SPATIO-TEMPORAL POINT PROCESSES WITH DEEP NON-STATIONARY KERNELS

Abstract

Point process data are becoming ubiquitous in modern applications, such as social networks, health care, and finance. Despite the powerful expressiveness of the popular recurrent neural network (RNN) models for point process data, they may not successfully capture sophisticated non-stationary dependencies in the data due to their recurrent structures. Another popular type of deep model for point process data is based on representing the influence kernel (rather than the intensity function) by neural networks. We take the latter approach and develop a new deep non-stationary influence kernel that can model non-stationary spatio-temporal point processes. The main idea is to approximate the influence kernel with a novel and general low-rank decomposition, enabling efficient representation through deep neural networks and computational efficiency and better performance. We also take a new approach to maintain the non-negativity constraint of the conditional intensity by introducing a log-barrier penalty.
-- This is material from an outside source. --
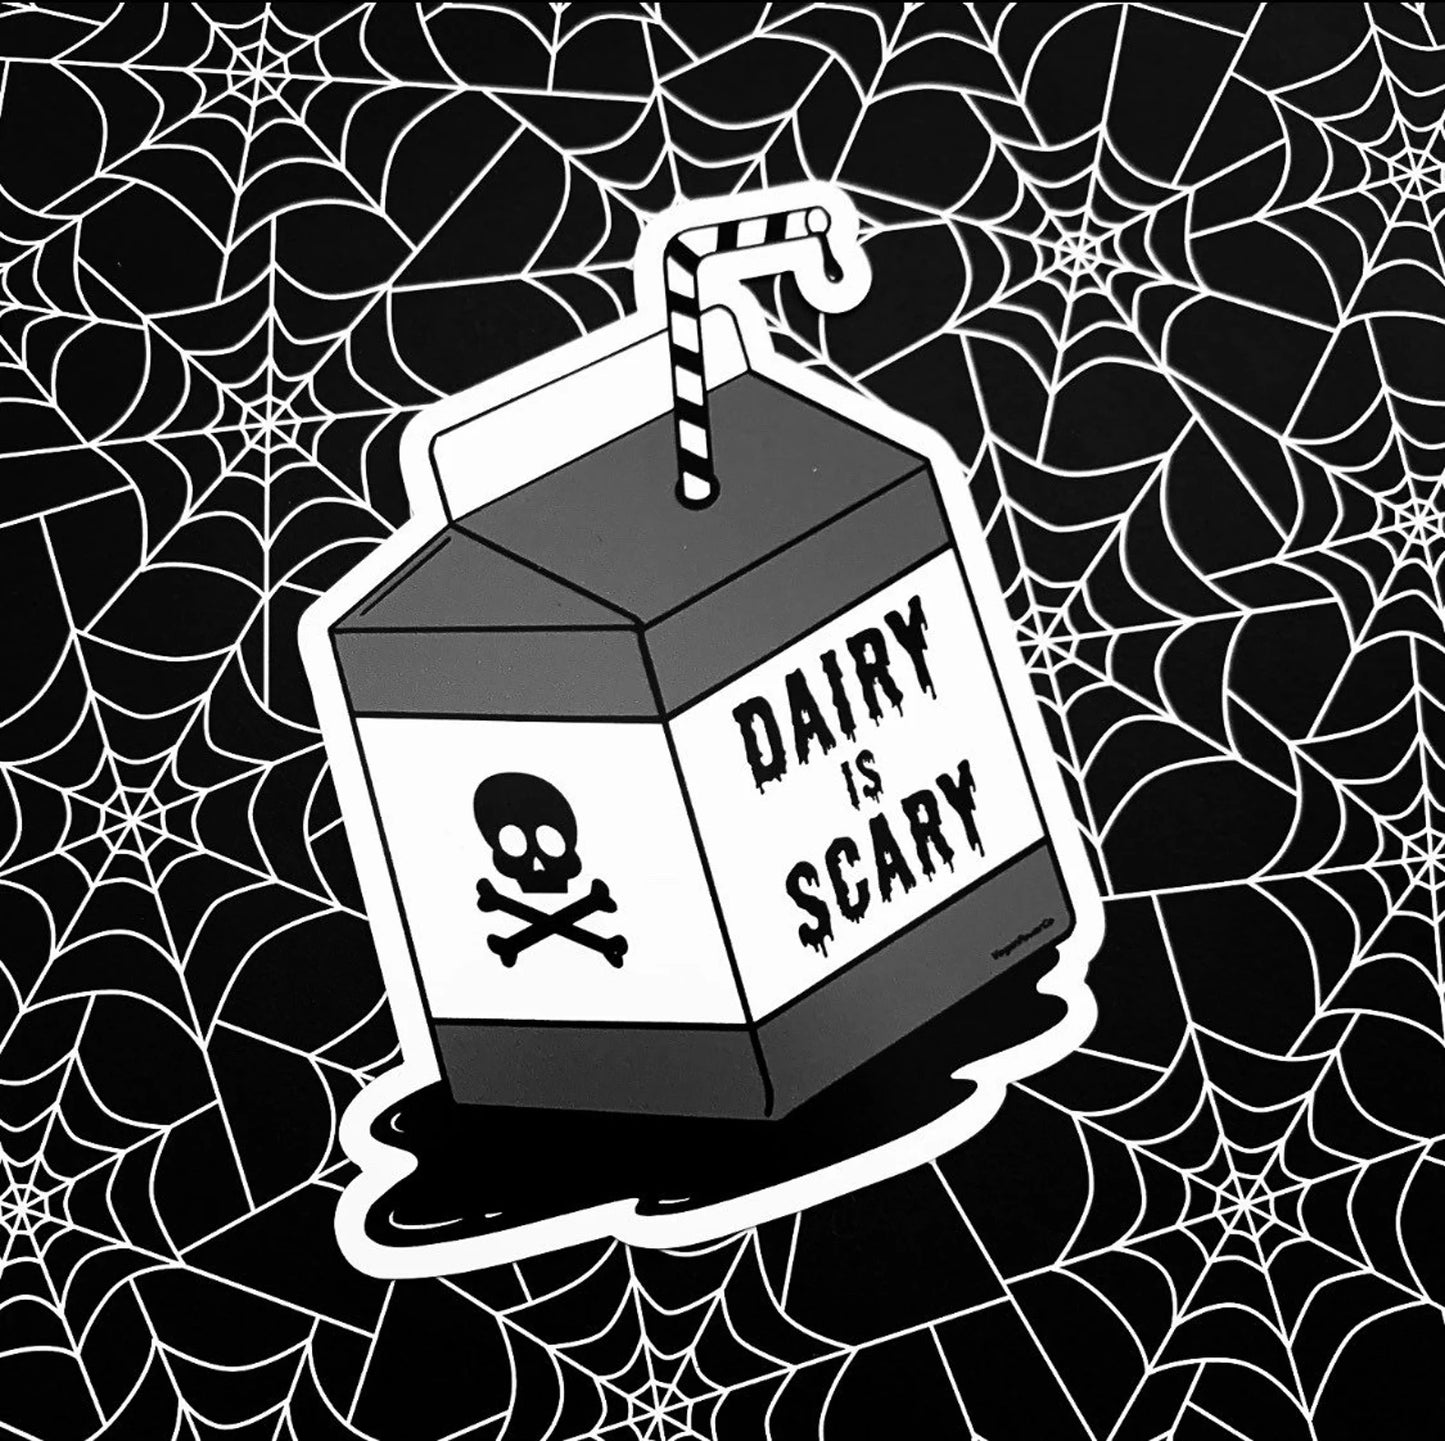 Dairy is Scary Sticker

We demonstrate our proposed method's good performance and computational efficiency compared with the state-of-the-art on simulated and real data.

1. INTRODUCTION

Point process data, consisting of sequential events with timestamps and associated information such as location or category, are ubiquitous in modern scientific fields and real-world applications. The distribution of events is of great scientific and practical interest, both for predicting new events and understanding the events' generative dynamics (Reinhart, 2018) . To model such discrete events in continuous time and space, spatio-temporal point processes (STPPs) are widely used in a diverse range of domains, including modeling earthquakes (Ogata, 1988; 1998) , the spread of infectious diseases (Schoenberg et al., 2019; Dong et al., 2021) , and wildfire propagation (Hering et al., 2009) . A modeling challenge is to accurately capture the underlying generative model of event occurrence in general spatio-temporal point processes (STPP) while maintaining the model efficiency. Specific parametric forms of conditional intensity are proposed in seminal works of Hawkes process (Hawkes, 1971; Ogata, 1988) to tackle the issue of computational complexity in STPPs, which requires evaluating the complex multivariate integral in the likelihood function. They use an exponentially decaying influence kernel to measure the influence of a past event over time and assume the influence of all past events is positive and linearly additive. Despite computational simplicity (since the integral of the likelihood function is avoided), such a parametric form limits the model's practicality in modern applications. Recent models use neural networks in modeling point processes to capture complicated event occurrences. RNN (Du et al., 2016) and LSTM (Mei and Eisner, 2017) have been used by taking advantage of their representation power and capability in capturing event temporal dependencies. However, the recurrent structures of RNN-based models cannot capture long-range dependency (Bengio et al., 1994) and attention-based structure (Zhang et al., 2020; Zuo et al., 2020) is introduced to address such limitations of RNN. Despite much development, existing models still cannot sufficiently capture spatio-temporal non-stationarity, which are common in real-world data (Graham et al., 2013; Dong et al., 2021) . Moreover, while RNN-type models may produce strong prediction performance, the models consist of general forms of network layers and the modeling power relies on the hidden states, thus often not easily interpretable.